With the pictures left out, set down the line containing "III Congreso Germano-Latinoamericano" and each line after it to the end of the material, exactly as written.

▶ **Source data**
Content starts

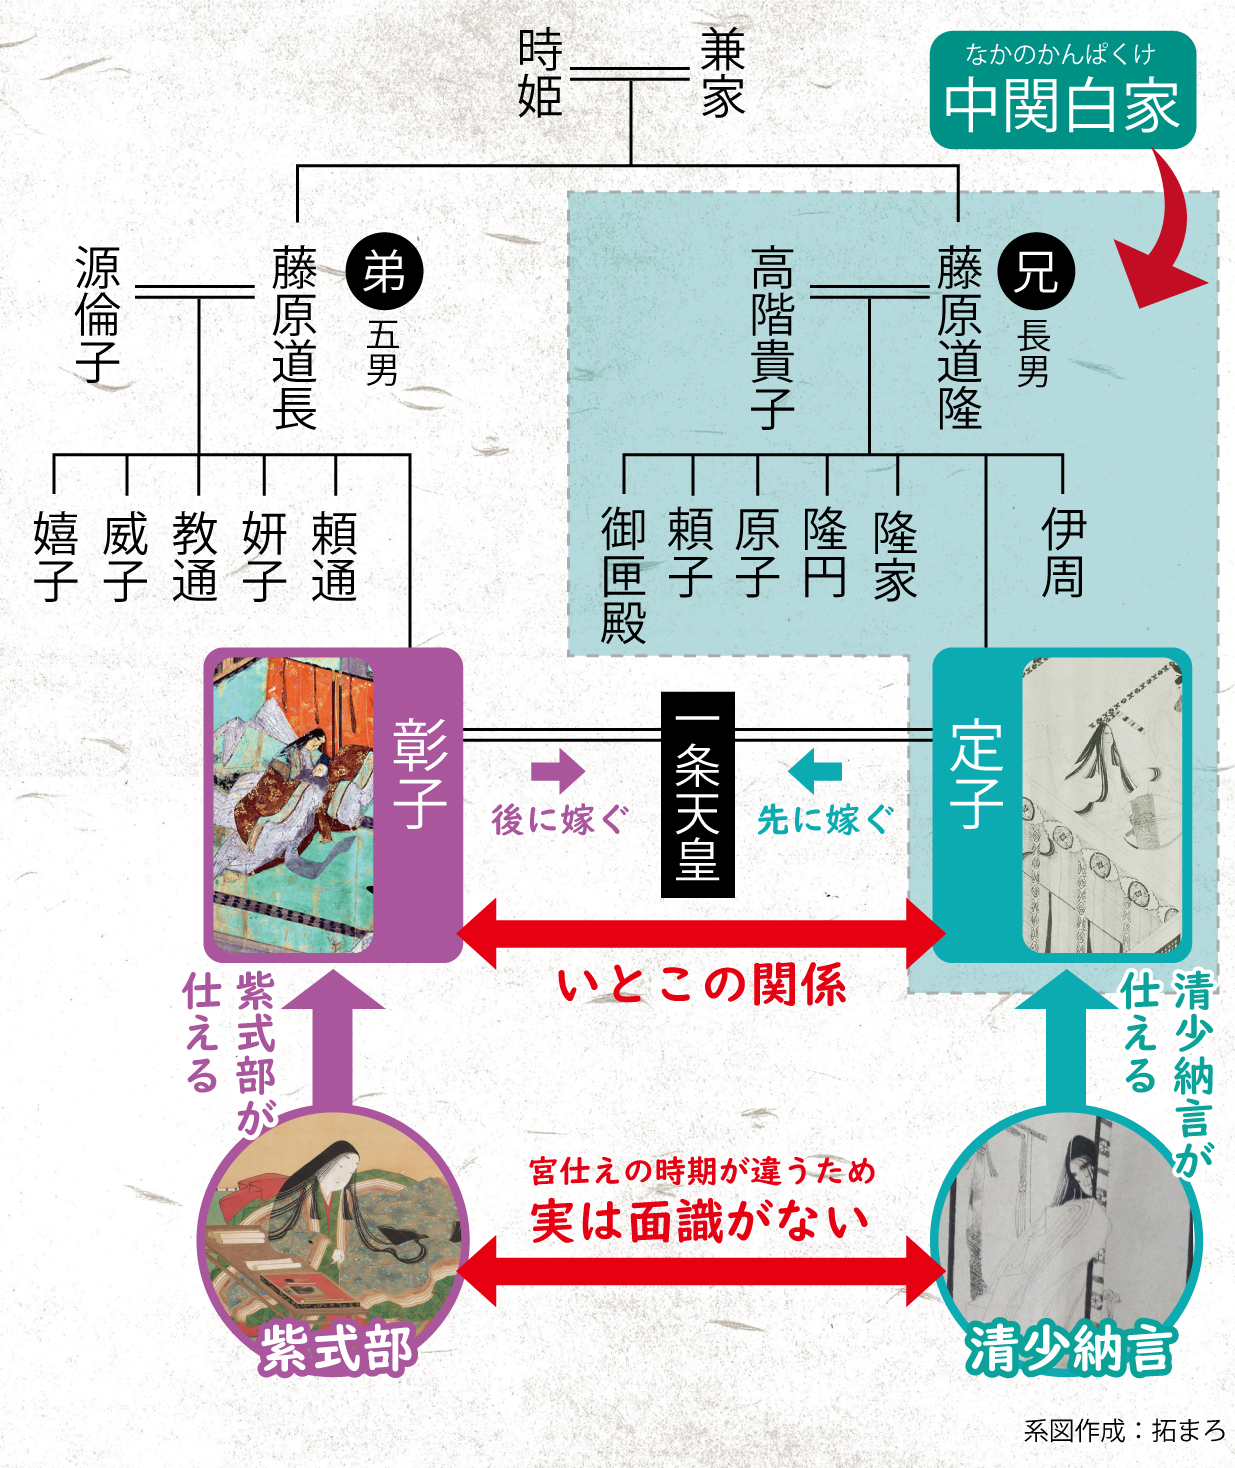 清少納言と紫式部が仕えた中宮との関係を定子と彰子の家系図で解説 日本の白歴史
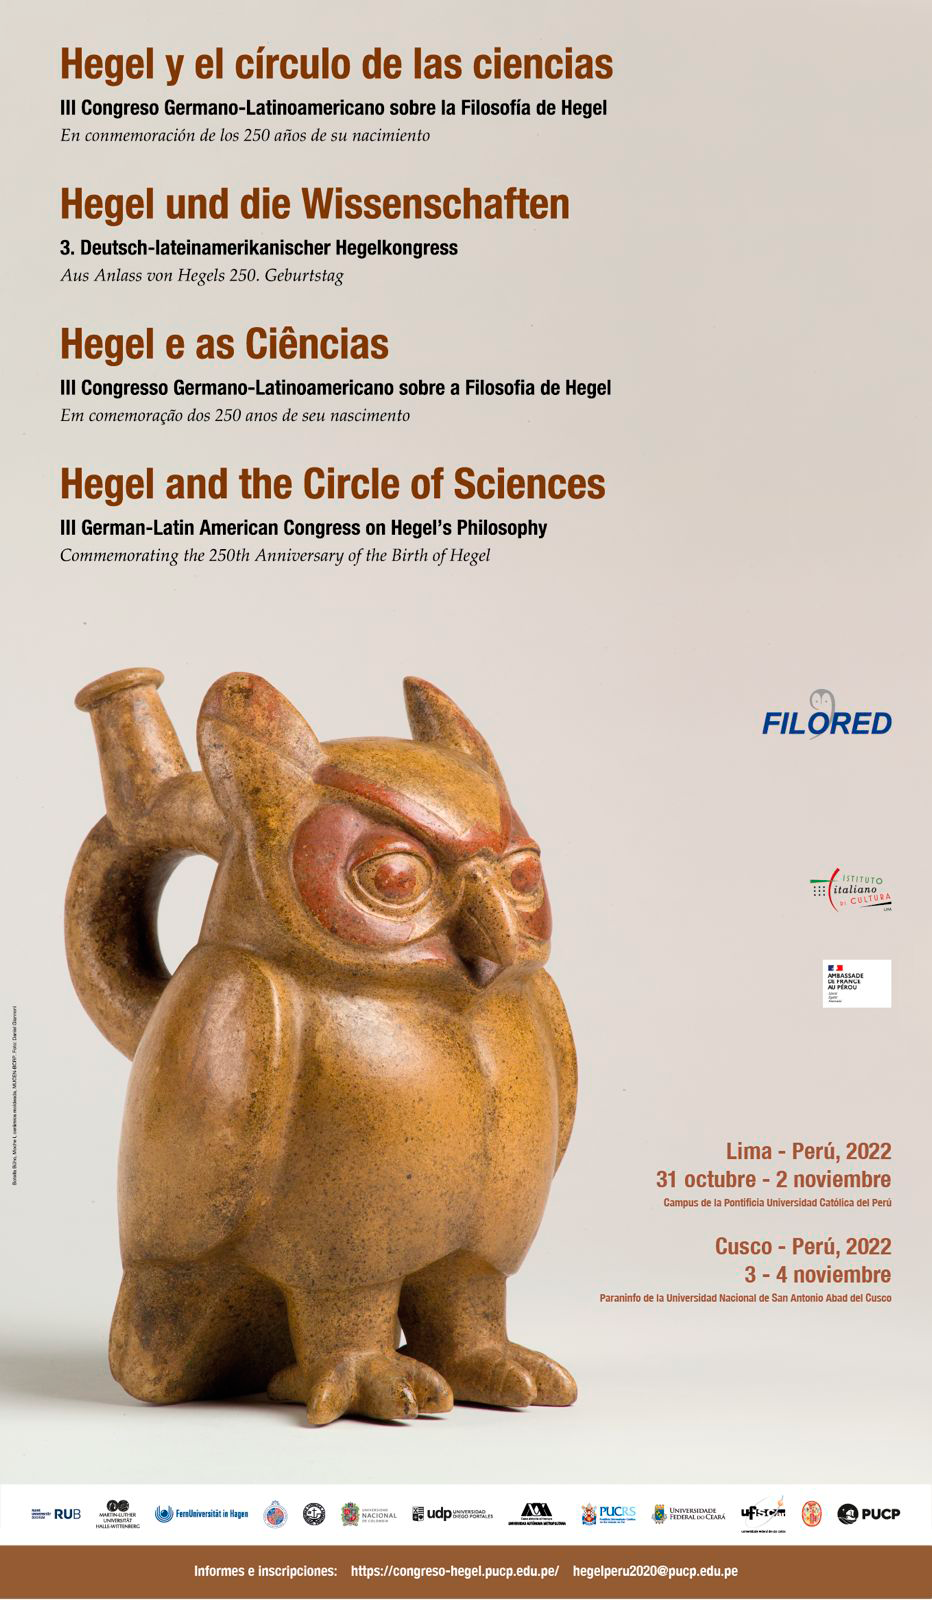 III Congreso Germano-Latinoamericano sobre la Filosofía de Hegel
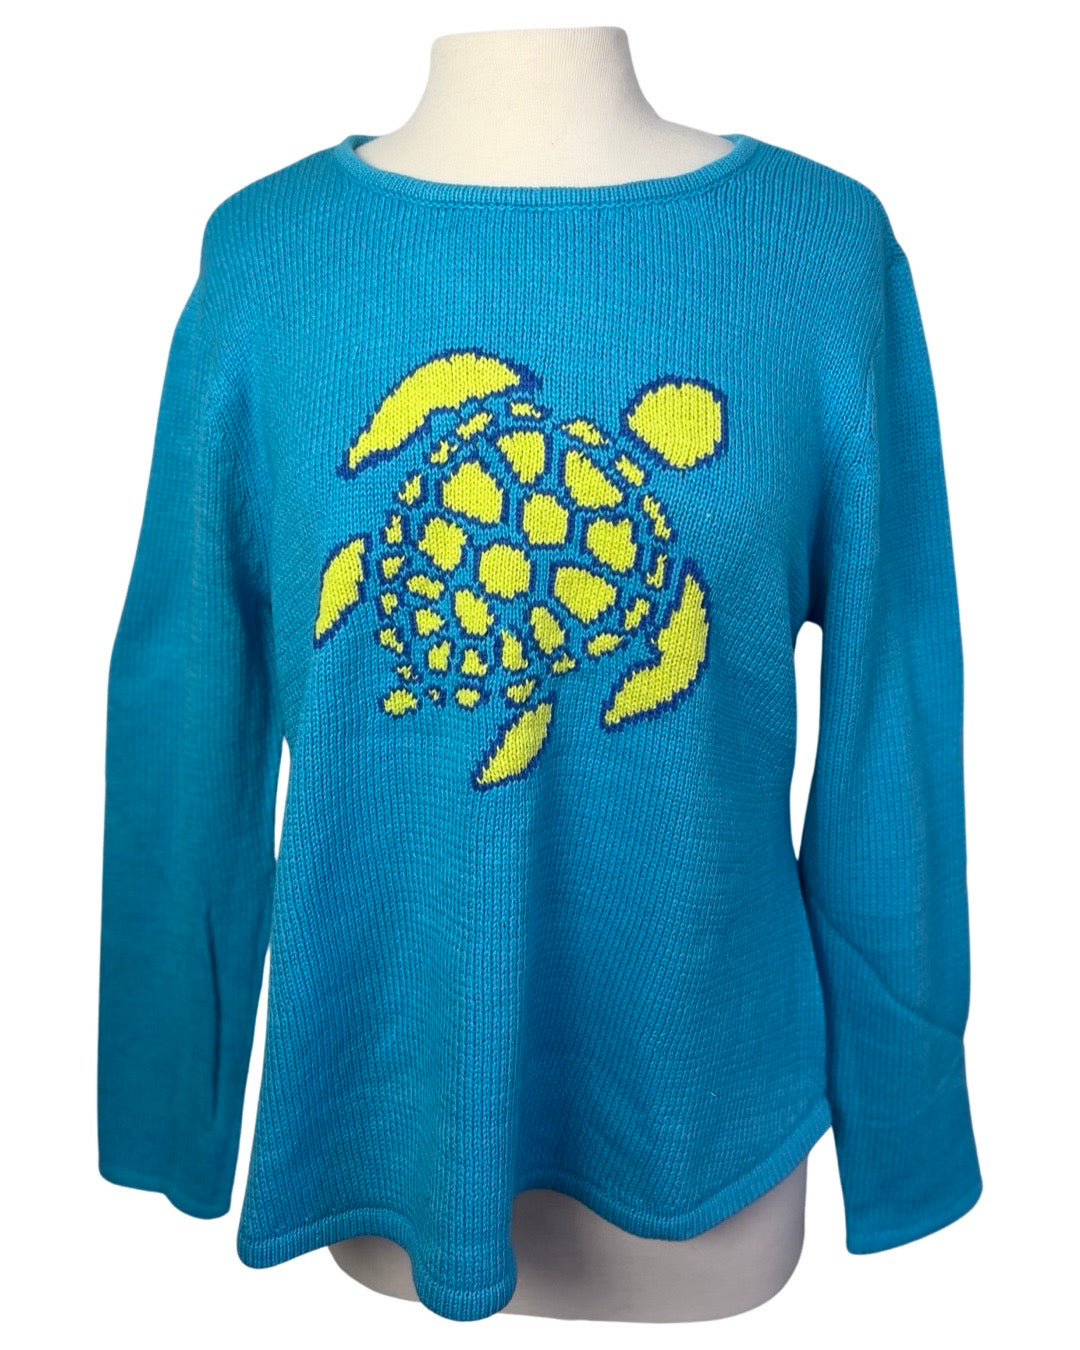 Lulu B Turtle Sweater
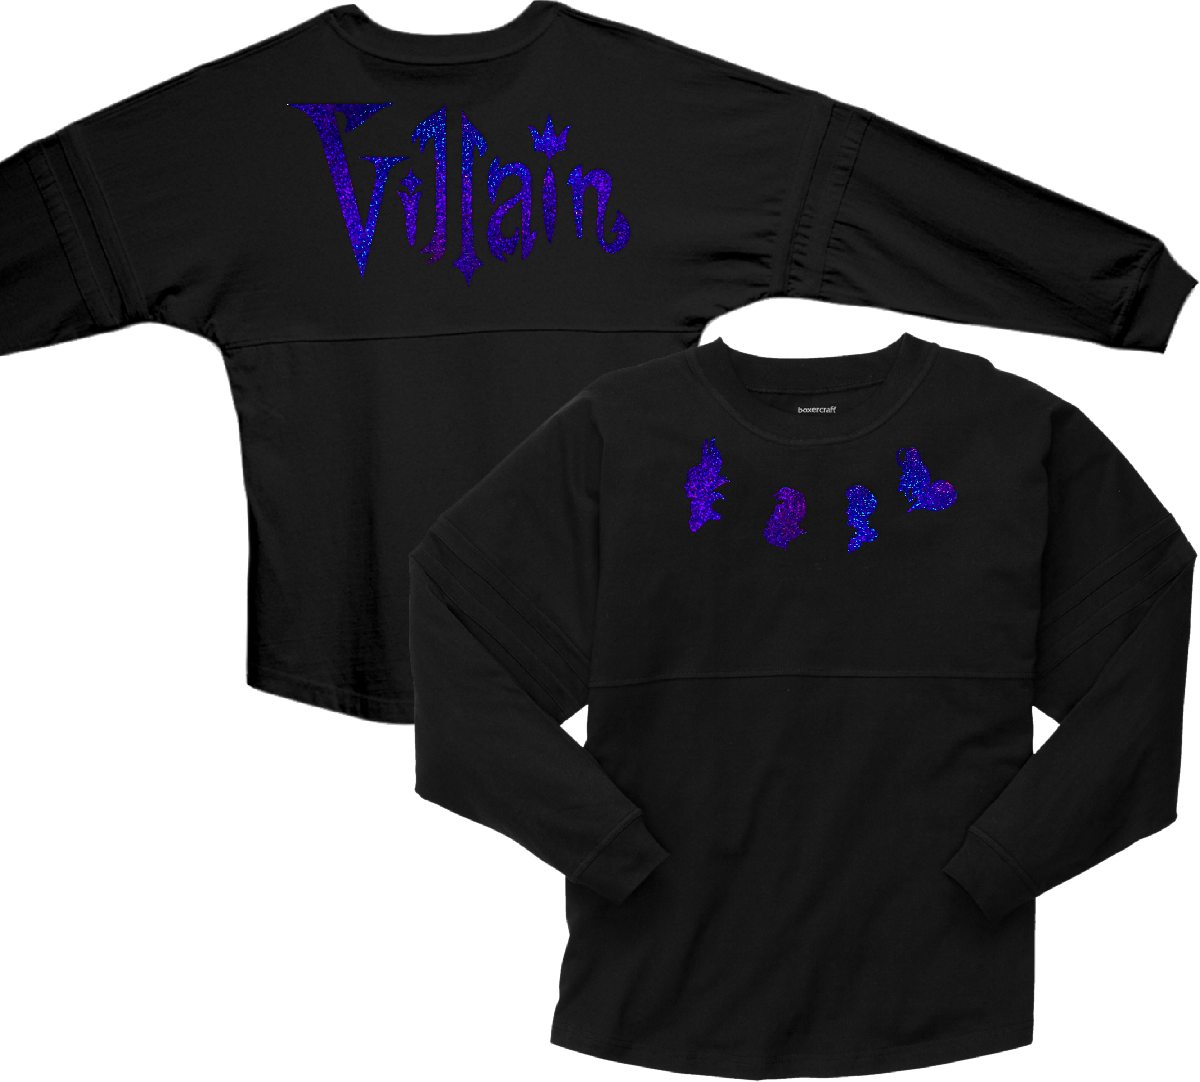 villains spirit jersey

Content ends

▶ **The completed task**
 III Congreso Germano-Latinoamericano sobre la Filosofía de Hegel
 Lulu B Turtle Sweater
 villains spirit jersey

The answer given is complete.